ACTIVITY
Only the pictures should be left out; repeat the rest of the data exactly.

DATASET CONTENT
Content starts

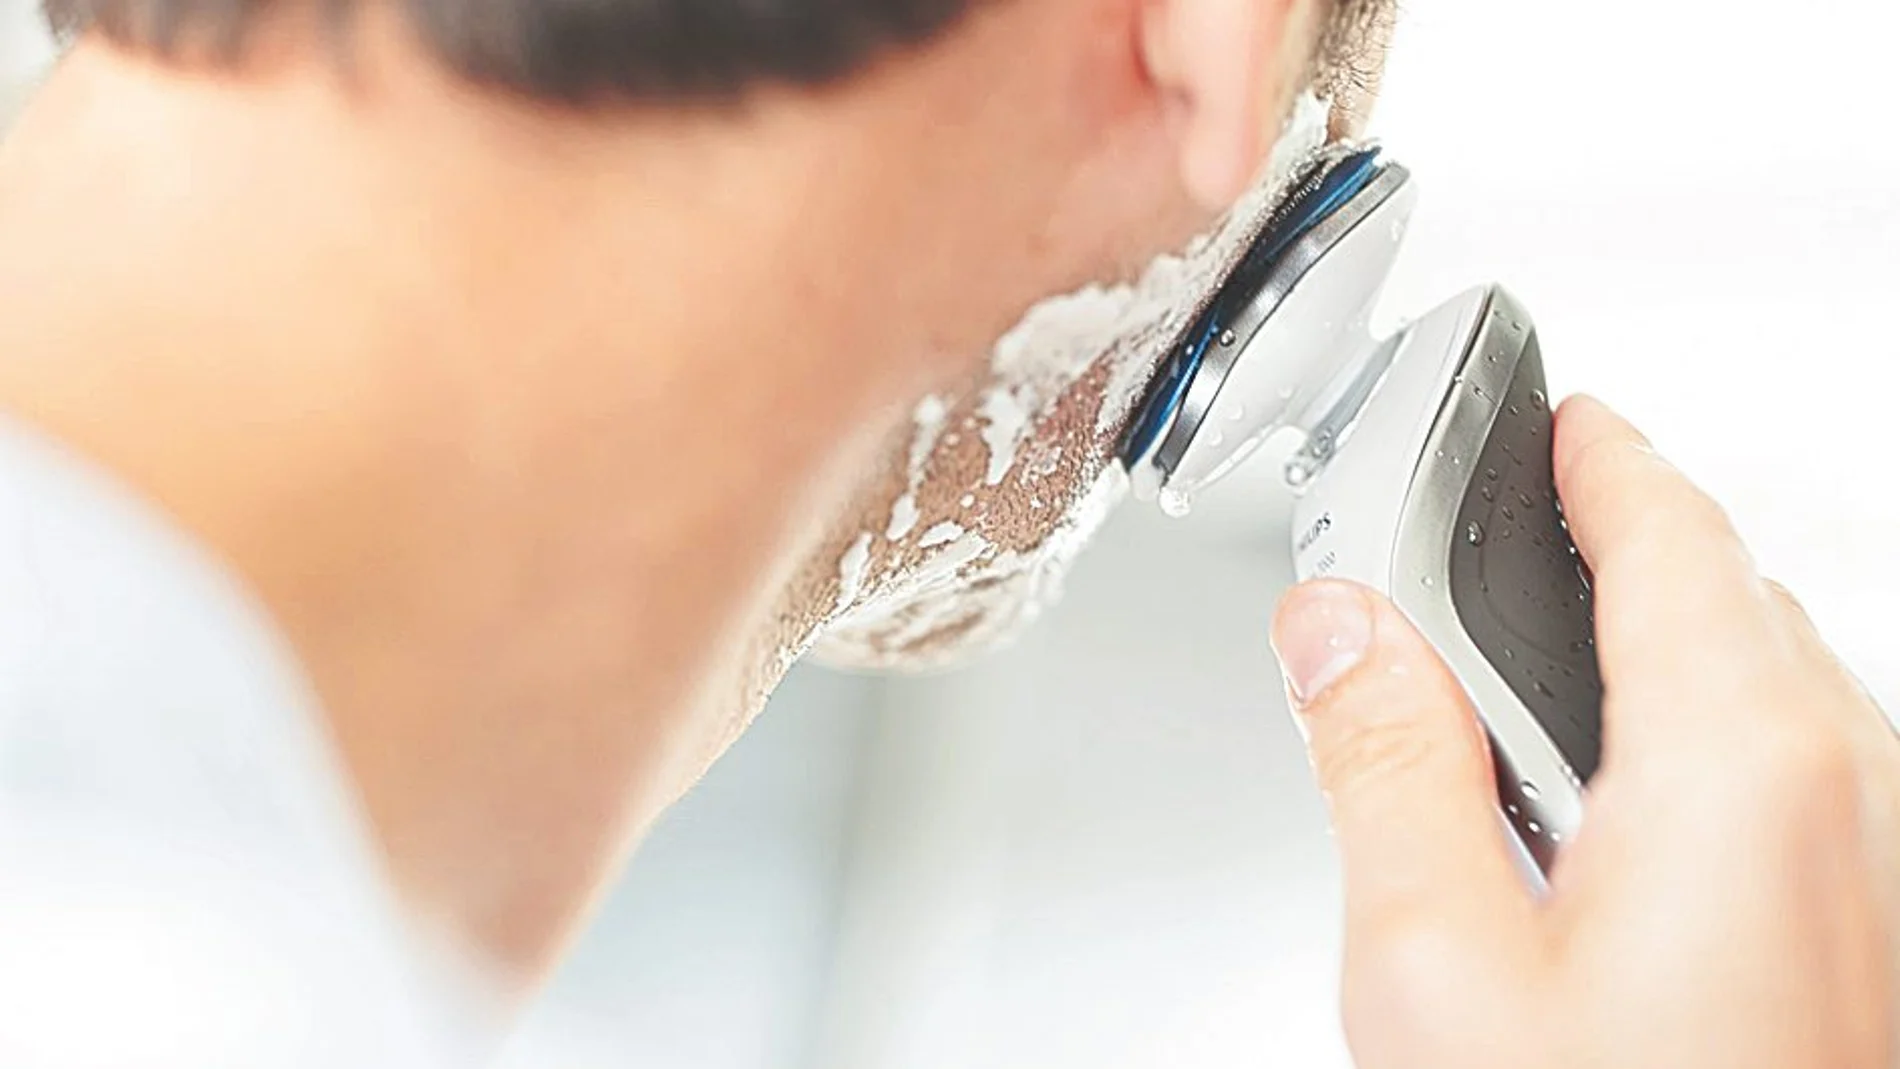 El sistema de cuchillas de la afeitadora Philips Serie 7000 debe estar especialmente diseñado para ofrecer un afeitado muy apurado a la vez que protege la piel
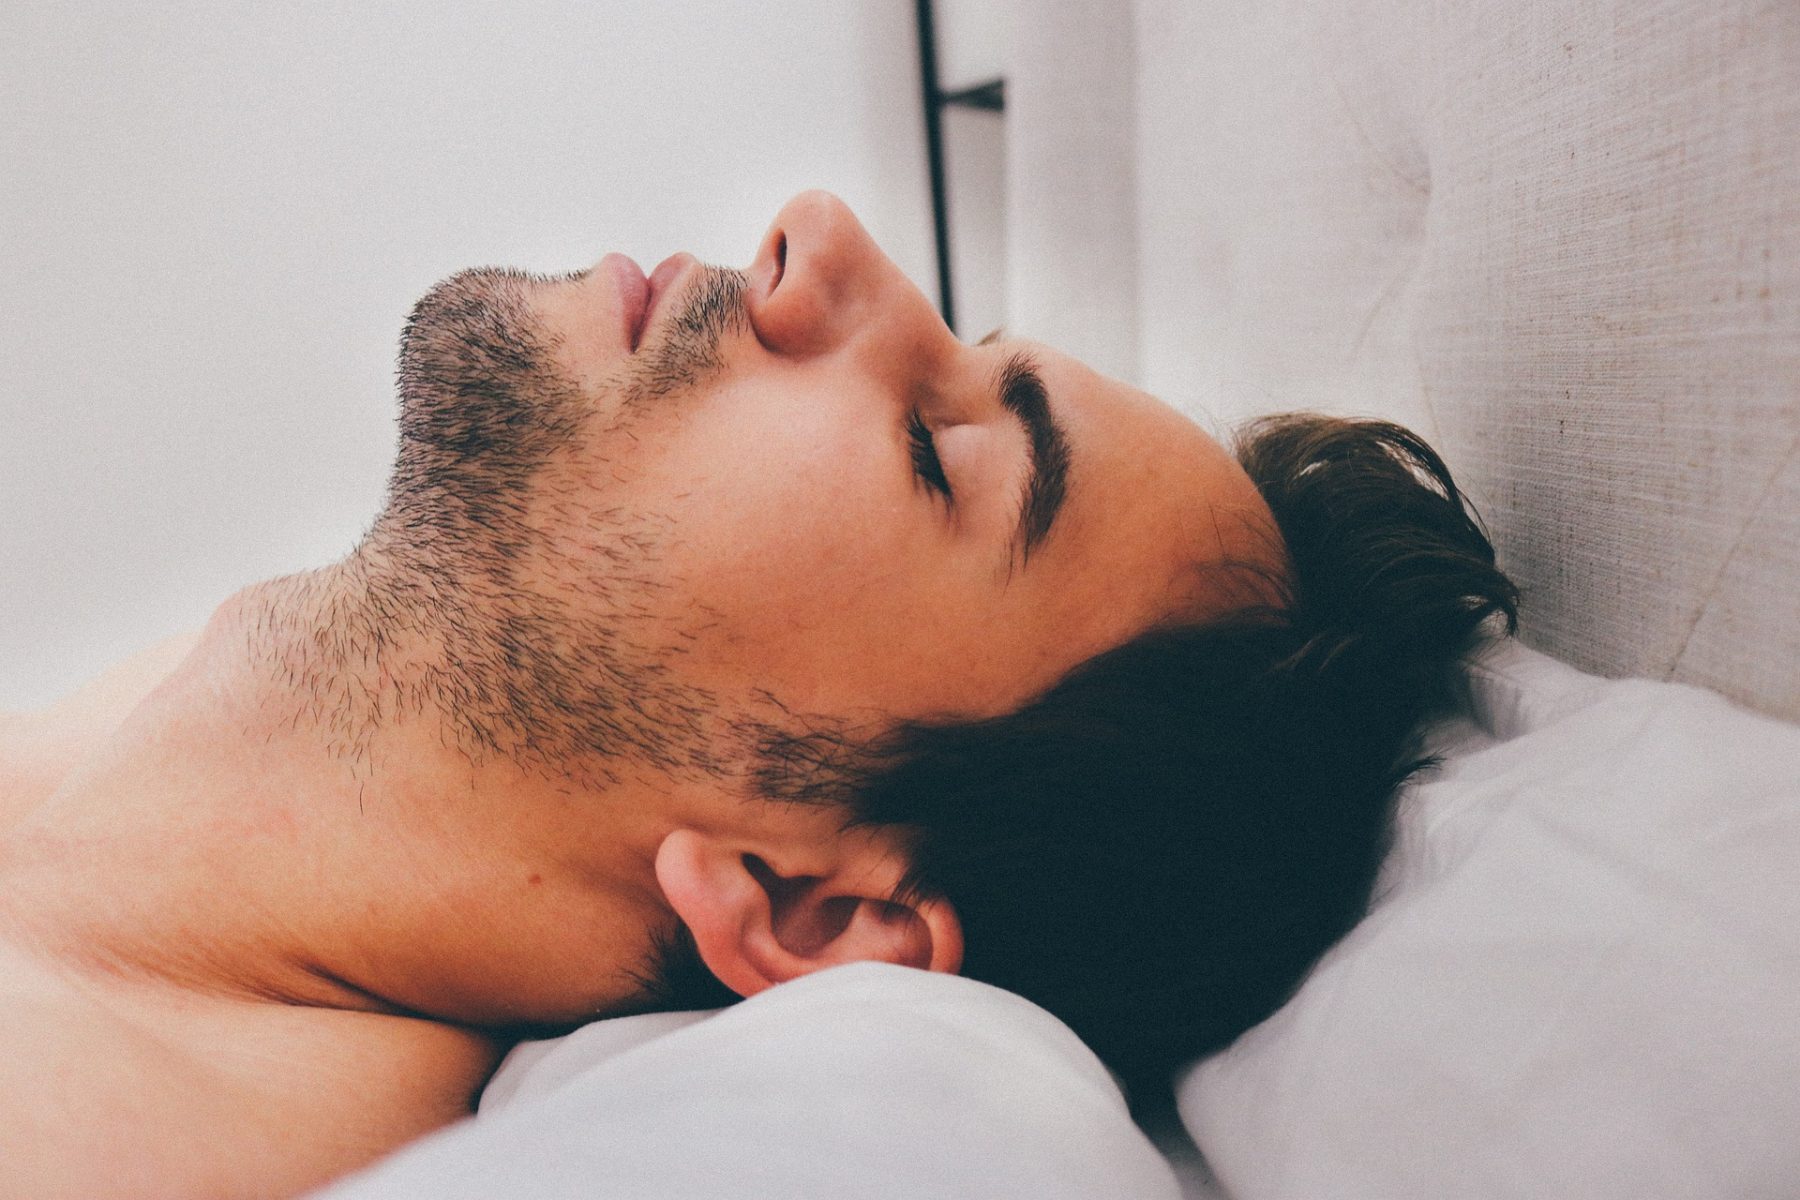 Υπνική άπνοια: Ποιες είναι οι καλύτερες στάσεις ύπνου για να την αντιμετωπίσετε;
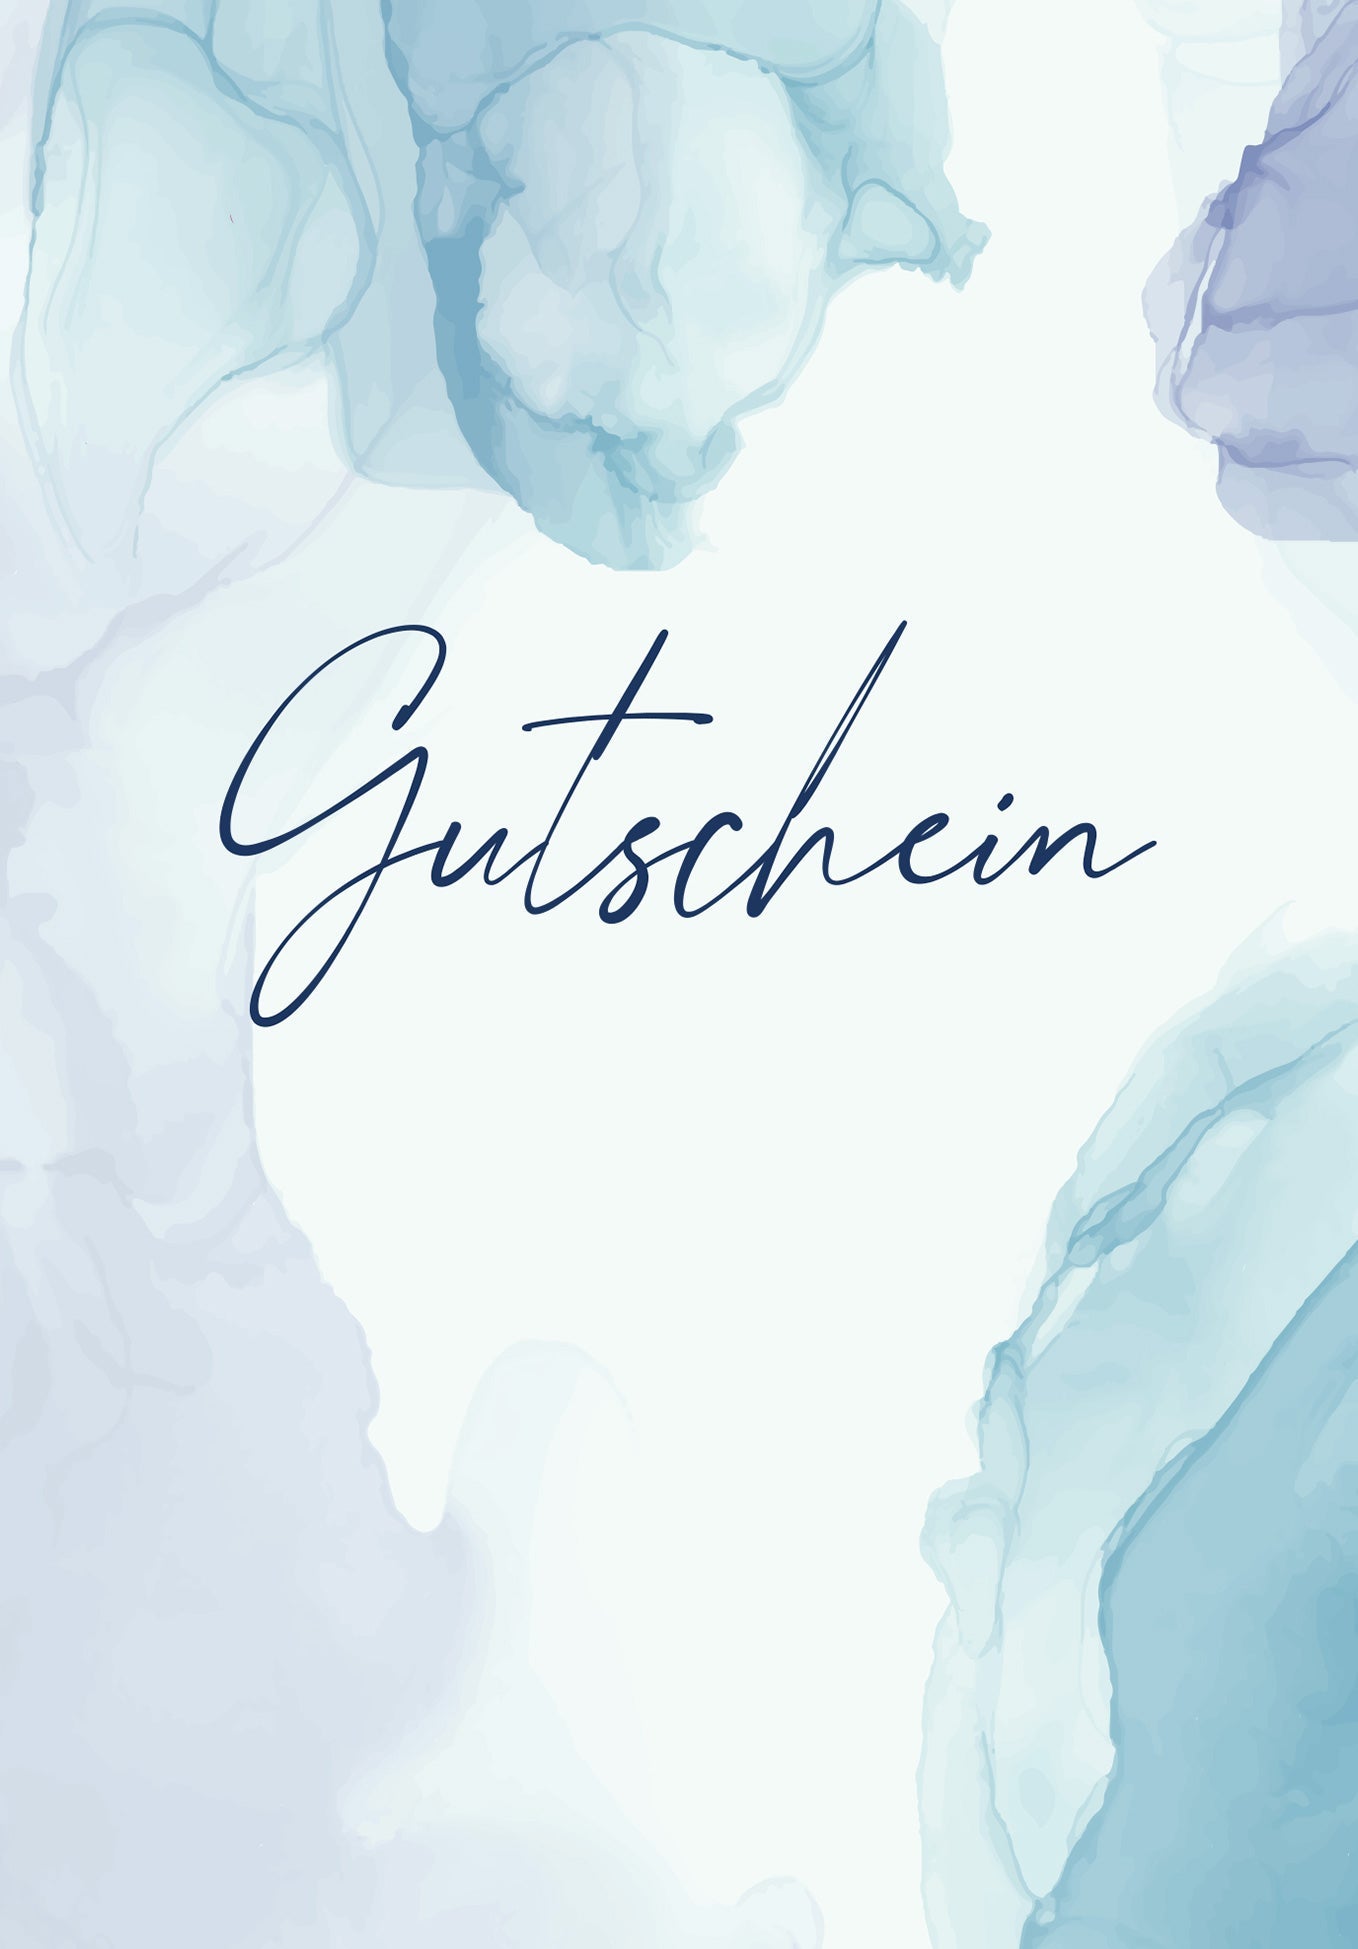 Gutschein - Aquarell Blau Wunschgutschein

Content ends

PROBLEM SOLUTION
 El sistema de cuchillas de la afeitadora Philips Serie 7000 debe estar especialmente diseñado para ofrecer un afeitado muy apurado a la vez que protege la piel
 Υπνική άπνοια: Ποιες είναι οι καλύτερες στάσεις ύπνου για να την αντιμετωπίσετε;
 Gutschein - Aquarell Blau Wunschgutschein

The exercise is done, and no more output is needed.